In applying this approach, ASA concluded the advert was misleading. The ad breached CAP Code (Edition 12) rules in “Misleading advertising”, “Substantiation” and “Environmental claims”, and ASA has warned it is not to appear again in its current form.

Market confusion over “renewables”

For its part, Good Energy has been active in raising awareness of the facts behind renewable energy in the UK, highlighting some common schemes whereby consumers might be misled into the “renewable-ness” of the energy they purchase. A survey conducted by Good Energy and YouGov last year found that whilst over 8 in 10 (84%) of the UK consider ‘renewable energy’ to be important to them, 58% do not have a very good understanding of what it actually means.

The research paints a picture of confusion in a market in which there are a growing number of renewable energy providers, indicating that many are failing to be fully transparent with consumers.

According to Good Energy, Ofgem’s Renewable Energy Guarantee of Origin (REGO) scheme provides certificates for each unit of electricity generated by a renewable source. However, these certificates can be purchased without the energy they are associated with at very low cost, which several suppliers are taking advantage of in order to offer low cost ‘renewable’ tariffs which do not encourage any additional renewable energy generation. This is leading to a perception that you no longer need to pay more for 100% renewable electricity, yet customers are unaware of how their energy bills go back into funding renewable generation.

Good Energy conducted some industry research asking suppliers which provide a ‘100% renewable’ electricity tariff how they do so, and found the following:

Company A Owns and operates its own wind and solar farms, from which it sources around a third of its energy. The rest is from the National Grid, with cheap REGO certificates purchased separately in order to call it ‘renewable’.
Company B Purchases 20% directly from renewable generators, with the REGOs to show for it. But the remainder is REGO only.
Company C Offers a ‘100% renewable electricity’ tariff with a £5 a month (£60 a year) premium, promising to buy the REGO certificates to account for your usage. Purchasing the REGO certificates to cover an average household’s annual usage costs about 47p.
Company D Focuses on a digital strategy to drive costs down for customers, and offers ‘100% renewable electricity’ as an additional benefit. But admits 100% of its electricity is covered by REGO certificates purchased independently of the energy, stating ‘we’re a retailer, not a generator’.

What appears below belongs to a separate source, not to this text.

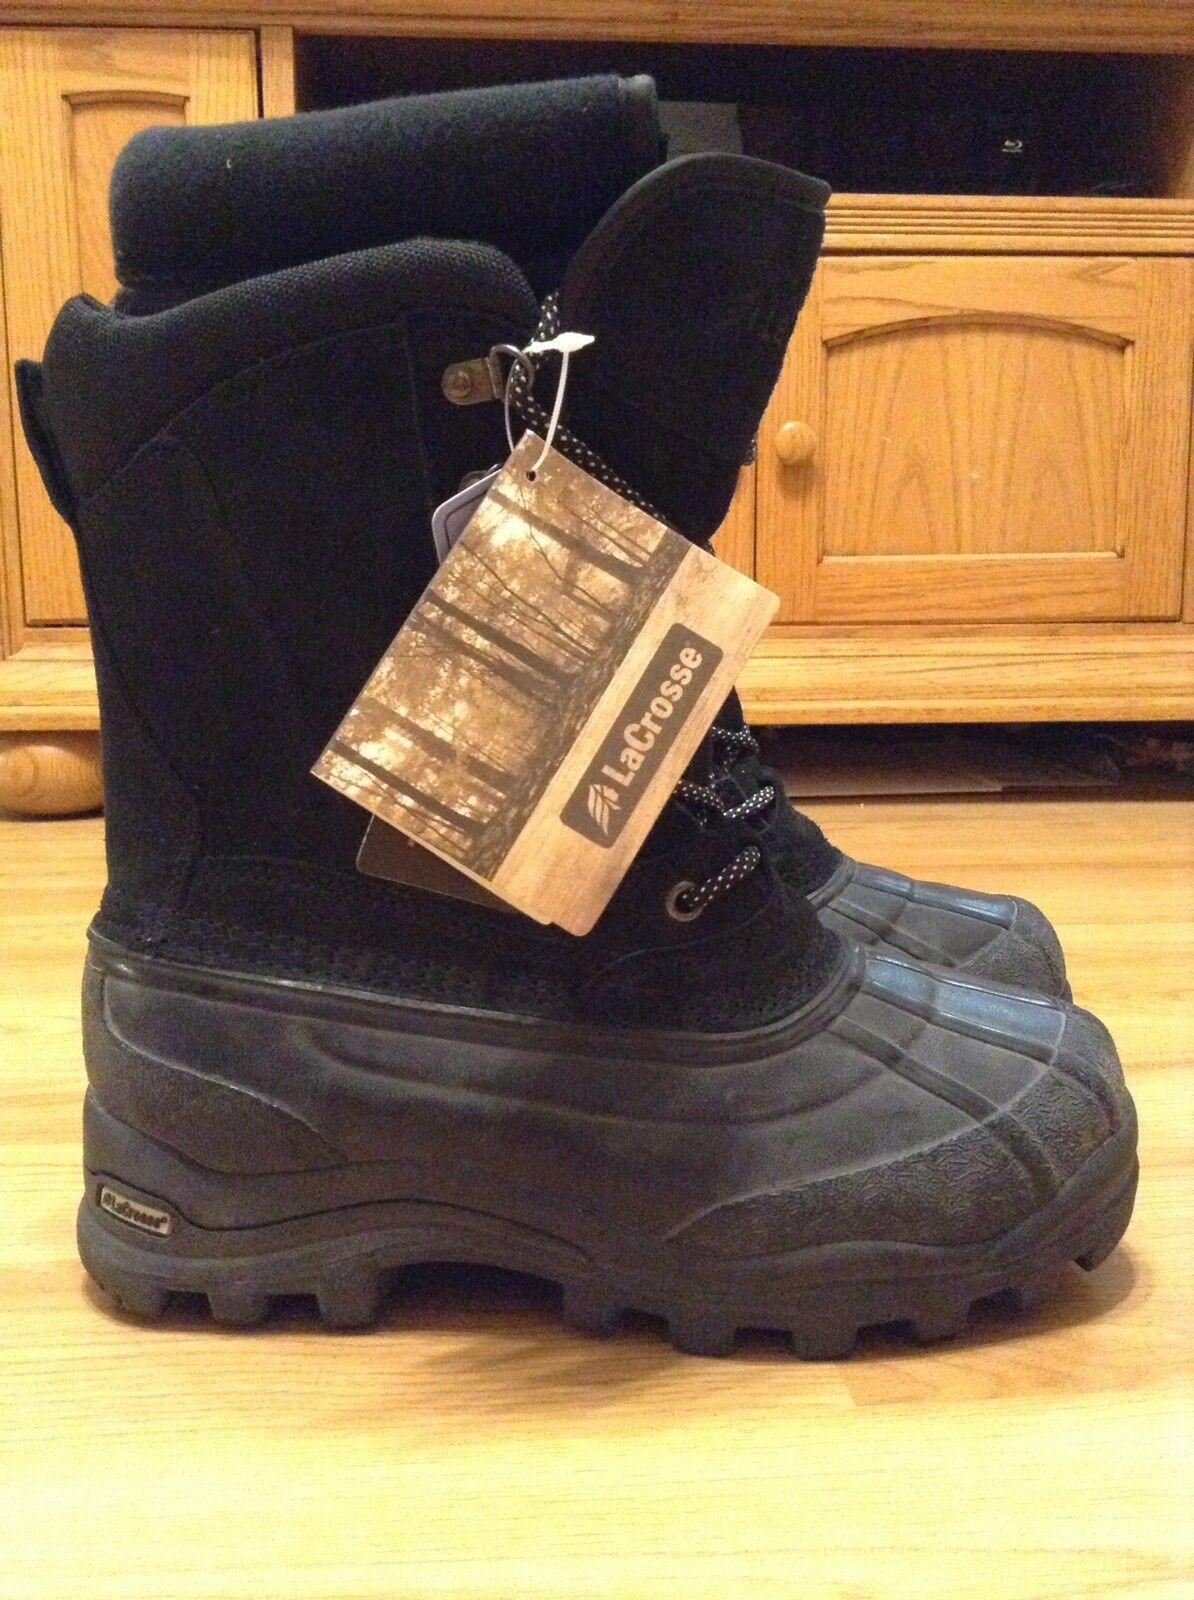 Nuevo Para hombres LaCrosse Garrison 11  400g Thinsulate Ultra botas De Nieve

Juliet Davenport, founder and CEO of Good Energy, said “There are some positives to take out of our research, not least how many people value the importance renewable energy. We’ve seen a big surge of interest in the market in the last two to three years, which is great, but it’s also why it’s so important that people know what they’re buying and investing in.

“You choose a renewable energy provider because you want to make a difference in combatting climate change. We don’t believe customers would be happy if they knew that their ‘100% renewable’ tariff was making effectively zero impact on renewable energy generation, and by extension any efforts to move towards a cleaner, greener future. This is also against a backdrop of reduced government support, which is translating into a huge drop off in renewable investment.”